Delta variant defining mutations

There are four so called defining mutations. We have thelineage_def table in the SQL database that contains info for all catalogued lineages.

In [23]:
query = '''
SELECT * FROM lineage_def
WHERE variant_id='Delta'
'''
lineage_delta = psql(query)
lineage_delta
Out[23]:
variant_id pango type_variant amino_acid_change protein_codon_position ref_protein alt_protein gene effect snpeff_original_mut ref_pos_alt ref alt pos description
0 Delta B.1.617.2 VOC T19R 19.0 T R S missense_variant None C21618G C G 21618 This variant was first detected in India and r...
1 Delta B.1.617.2 VOC L452R 452.0 L R S missense_variant None T22917G T G 22917 This variant was first detected in India and r...
2 Delta B.1.617.2 VOC T478K 478.0 T K S missense_variant None C22995A C A 22995 This variant was first detected in India and r...
3 Delta B.1.617.2 VOC P681R 681.0 P R S missense_variant None C23604G C G 23604 This variant was first detected in India and r...

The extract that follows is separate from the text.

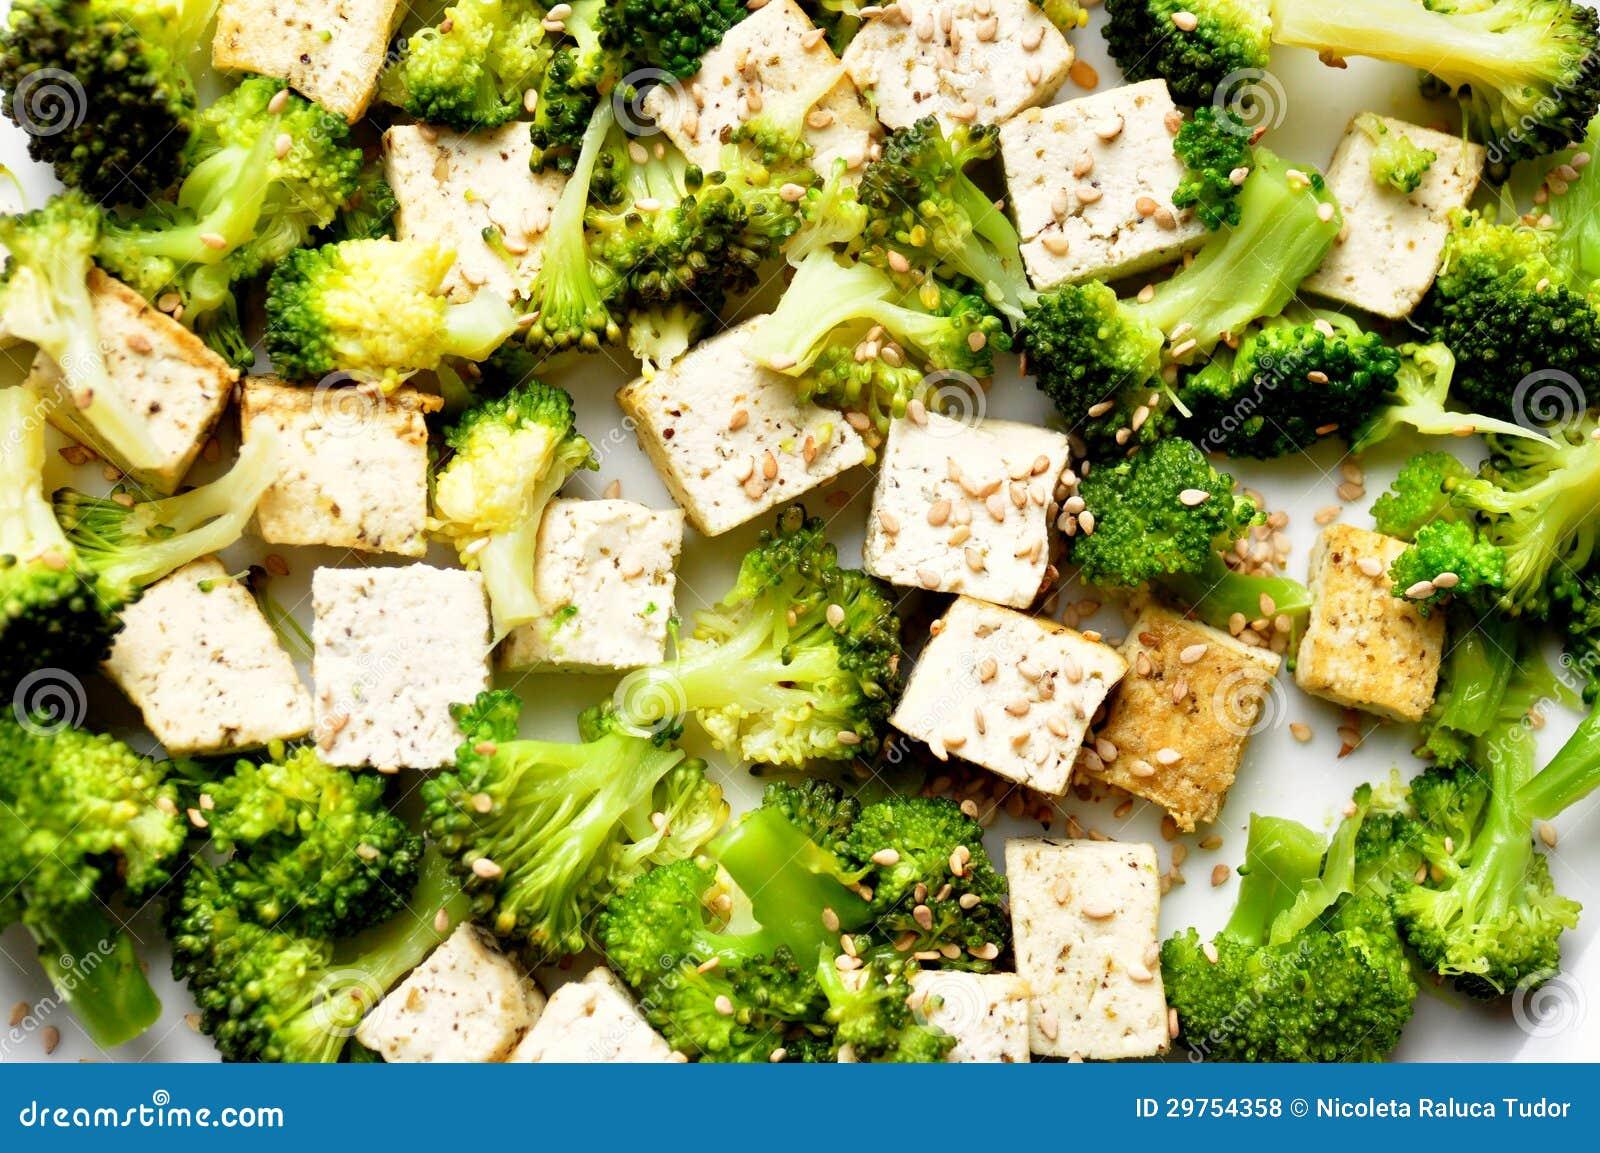 Vegan Food Steamed Broccoli And Tofu Dish Stock Photo
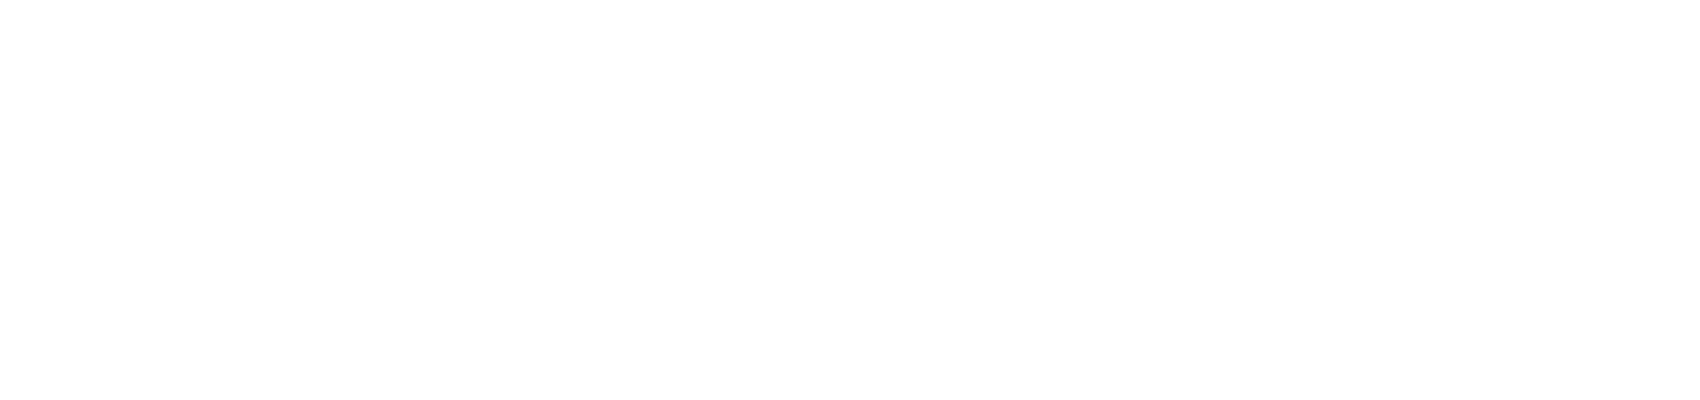 The Antidote logo.

Delta variants with 1-4 defining mutations

First check how many Delta variant mutations are present in samples at each week. Here we collect information by combining the vcf, the lineage_def and the meta tables. They contain the genomic position and mutation, variant definition and dates and other metadata, repectively. In the figures we mark May 2021 as the date when Delta variants start to dominate.

In [61]:
%%time
query = '''
SELECT m.*, l.amino_acid_change, v.af, v.dp 
     FROM vcf v JOIN lineage_def l on v.pos=l.pos and v.ref=l.ref and v.alt=l.alt 
     JOIN meta m on v.ena_run = m.ena_run
     WHERE ann_num=1 
     AND af>3/SQRT(dp)
     AND variant_id = 'Delta'
     AND date_isoyear IN (2020,2021);
'''

delta_all = psql(query)
print(delta_all.shape)

# (481998, 42)
# CPU times: user 8.34 s, sys: 1.63 s, total: 9.98 s
# Wall time: 25.3 s
(481998, 42)
CPU times: user 8.34 s, sys: 1.63 s, total: 9.98 s
Wall time: 25.3 s

Convert year and week number to proper date type.

In [ ]:
_years = delta_all.date_isoyear.values.astype(int).astype(str)
_weeks = delta_all.date_isoweek.values.astype(int).astype(str)
_sep = ['-']*len(_years)
_dayofweek = ['-1']*len(_years)
_ = np.core.defchararray.add(np.core.defchararray.add(np.core.defchararray.add(_years,_sep),_weeks),_dayofweek)
weekDate = [datetime.datetime.strptime(_d, "%Y-%W-%w") for _d in _]   
delta_all['weekDate'] = weekDate

Count the number of samples that contain the different defining mutations.

In [64]:
delta_all_weekly = delta_all.groupby(['weekDate','amino_acid_change']).size().reset_index().rename(columns={0:'cnt'})
In [101]:
fig, ax = plt.subplots(2,1,figsize=[16,8])
fig.suptitle('Weekly # of samples with various Delta defining mutations on linear and logarithmic scales')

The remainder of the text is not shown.